Several potential users have requested a stream of each transaction as it commits, a feature also present in many competitors. If built, we could use this to keep a log of every diff in some external system. This would be more timely than the full & incremental proposal (though it's unclear if this is something clients actually need in a backup system). Unfortunately, it doesn't allow for full backups, performant restores are difficult, and there are lots of tricky distributed correctness issues. This is something we'll build eventually, but it will not be how we build the first backup system.
The cluster is frozen, each node takes and holds a RocksDB snapshot, and the cluster is unfrozen. A version upgrade or other tricky operation is run. If it's successful, the snapshots are released. If it's not, the RocksDB snapshots are rolled back and the cluster is restored to exactly the state it was during the freeze. This could be combined with the transaction firehose to avoid data loss.

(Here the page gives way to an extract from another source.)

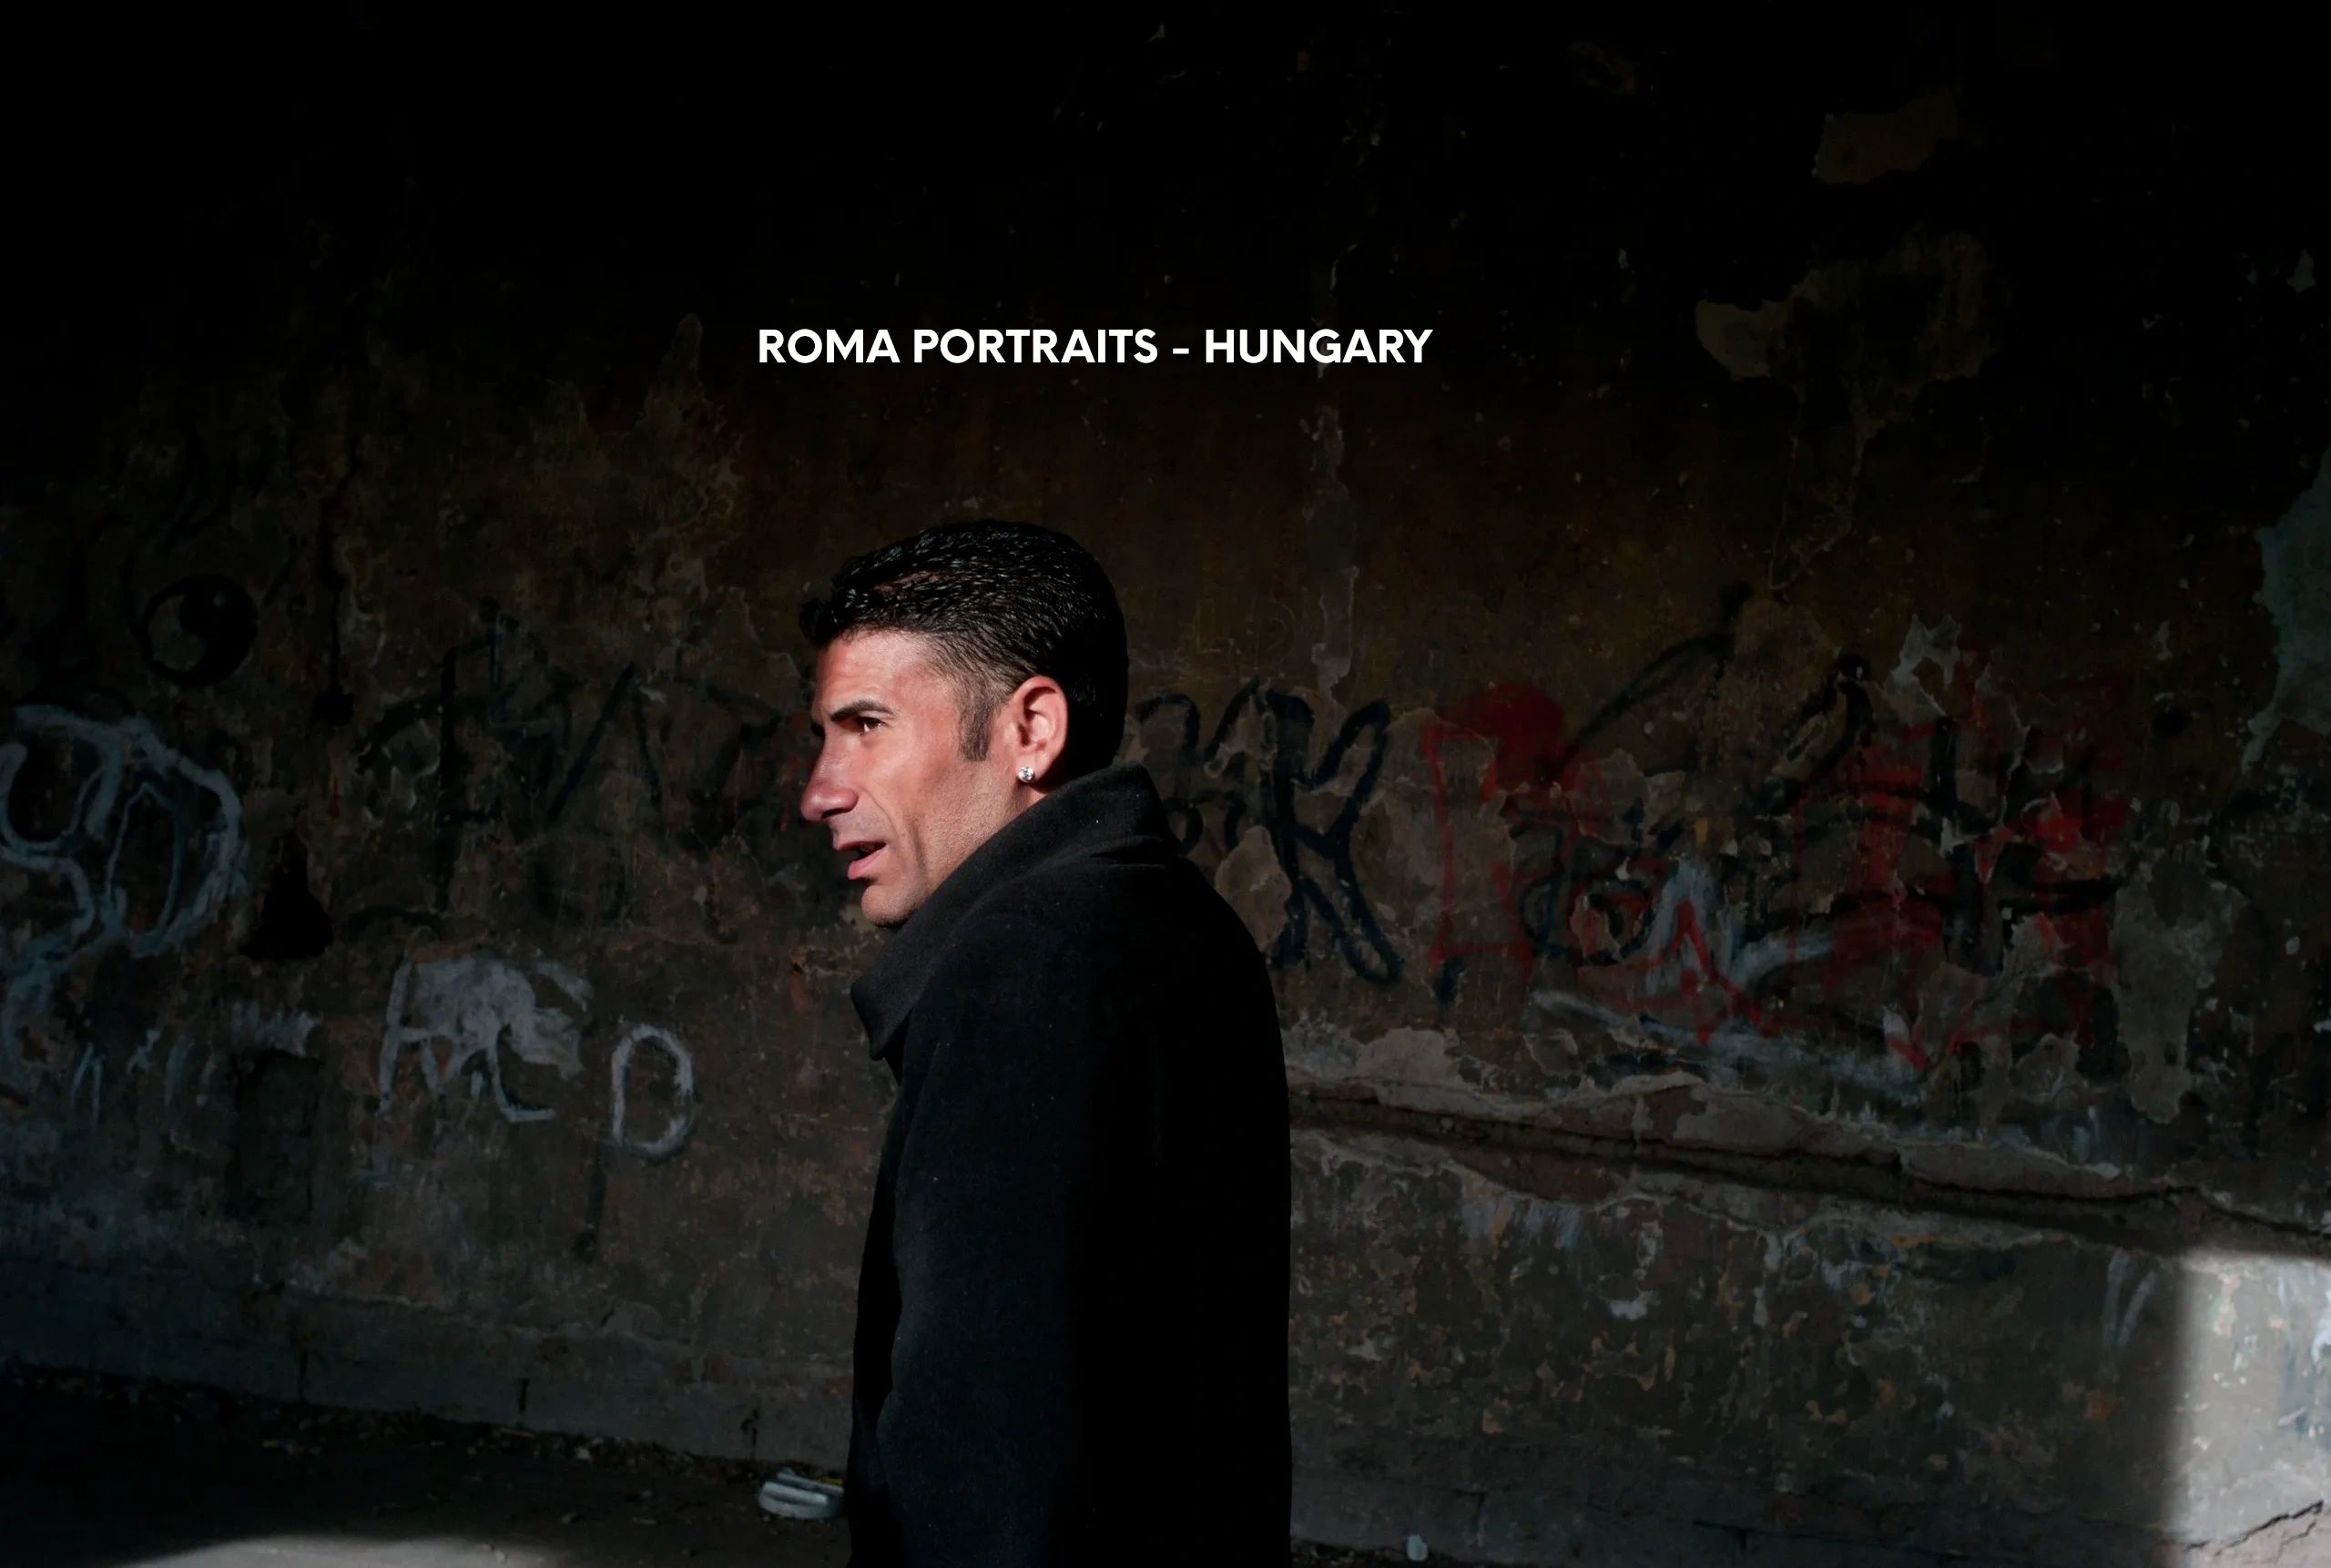 ROMA PORTRAITS - HUNGARY

Secondary indexes are derivable from the primary data, so we could skip backing them up to save space. Recomputing them on restore will probably make it too slow.
This will require a good amount of ui work, but that will be left for its own RFC.
An backup option could be added to save every version of a key after the gc lowwater mark, instead of just the latest. Users who would be interested in the option to back up and restore time travel data would also set a very large GC threshold for the tables where they use this feature.
storage.Engine on top of the set of immutable, internally
sorted, non-overlapping segments. This could less trivially be used to start a
read-only version of cockroach on top of it.